Could you restate word for word only the lines below from the one holding "Mighty Nein Dice" to the one holding "Maytag MMV5100AA manual", inclusive, and leave out the pictures?

» **DATA SECTION**:
-- Opening Marker --

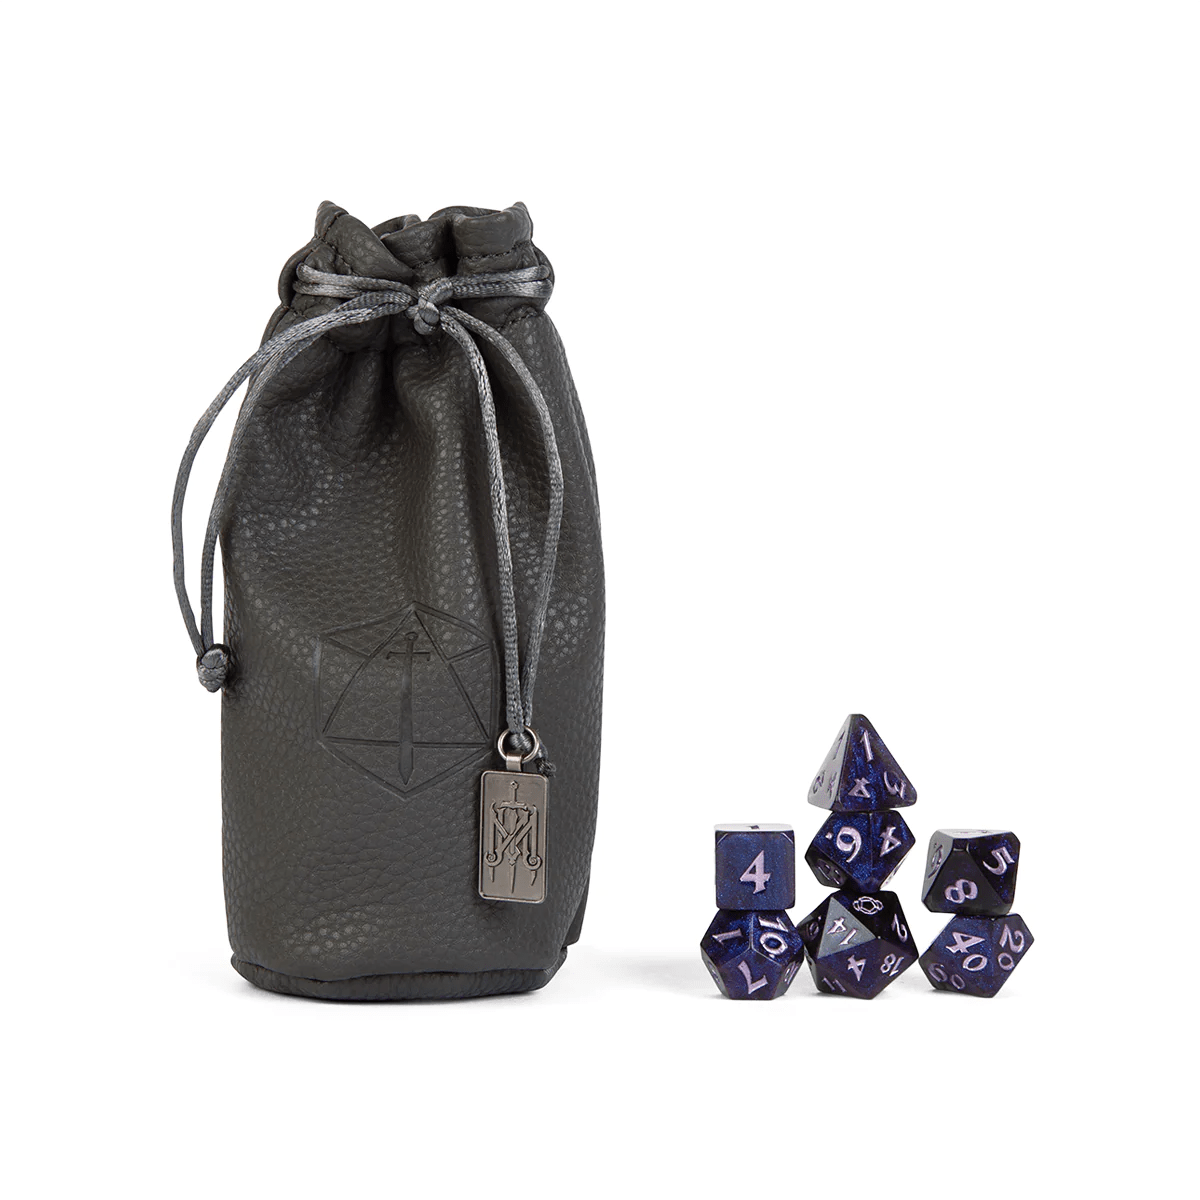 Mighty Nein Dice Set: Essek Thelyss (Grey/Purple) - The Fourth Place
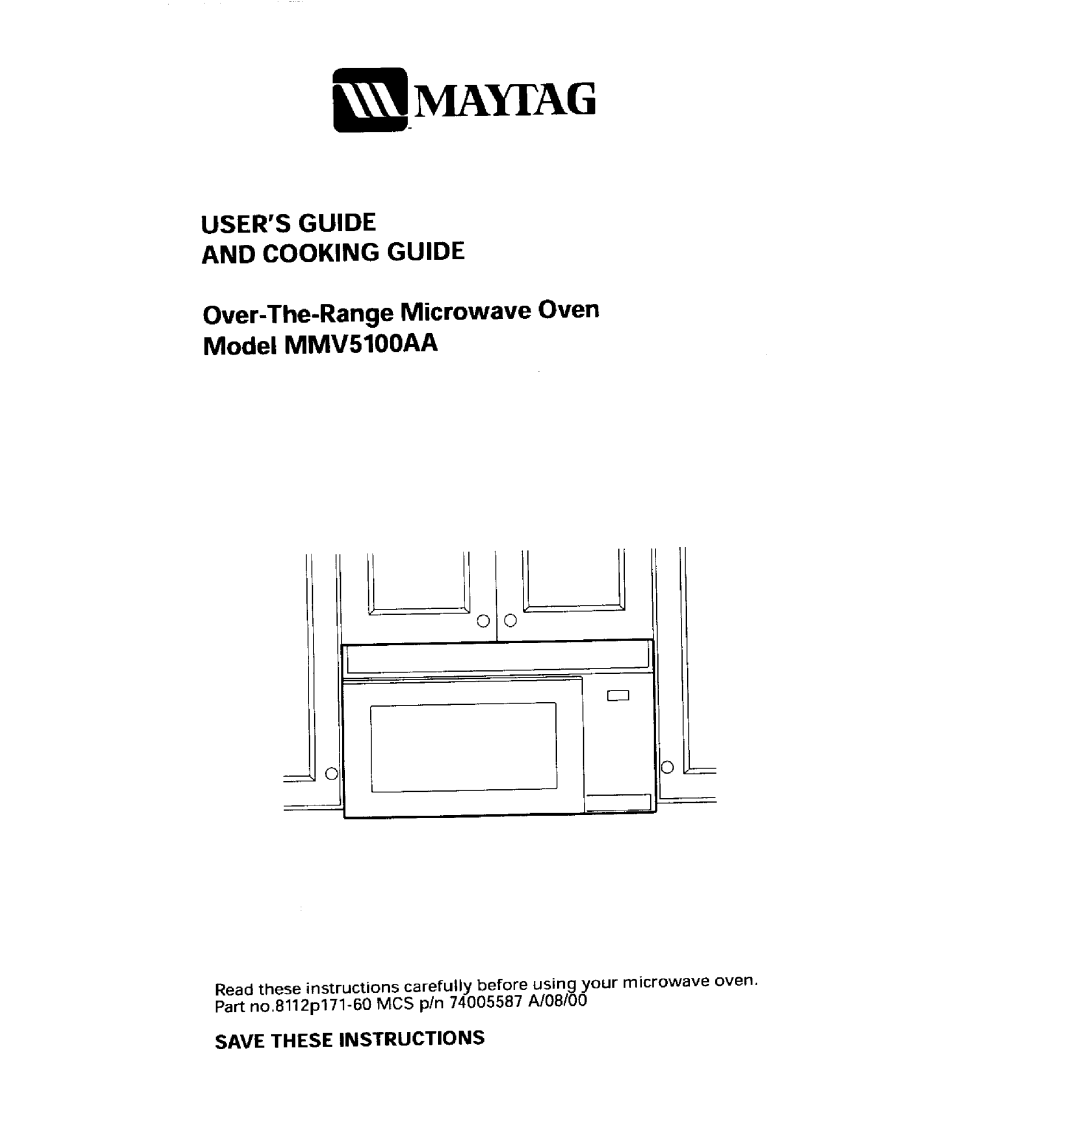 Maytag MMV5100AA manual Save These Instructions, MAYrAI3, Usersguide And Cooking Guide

-- Closing Marker --
-- Opening Marker --

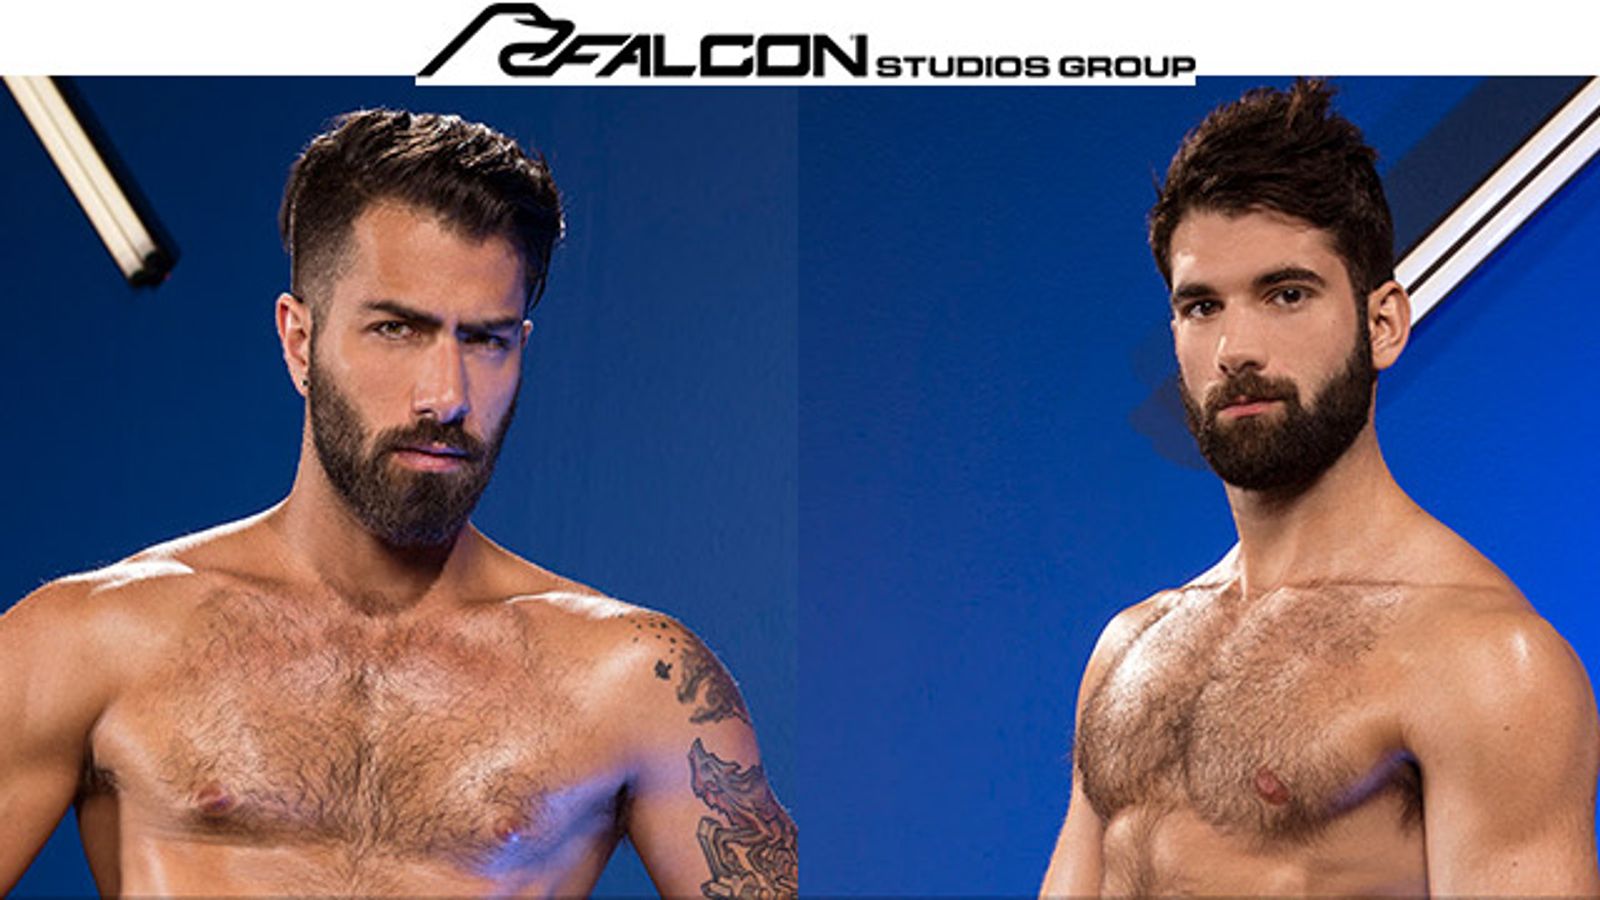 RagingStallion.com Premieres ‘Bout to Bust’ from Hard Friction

-- Closing Marker --

» **EXERCISE OUTPUT**:
 Mighty Nein Dice Set: Essek Thelyss (Grey/Purple) - The Fourth Place
 Maytag MMV5100AA manual Save These Instructions, MAYrAI3, Usersguide And Cooking Guide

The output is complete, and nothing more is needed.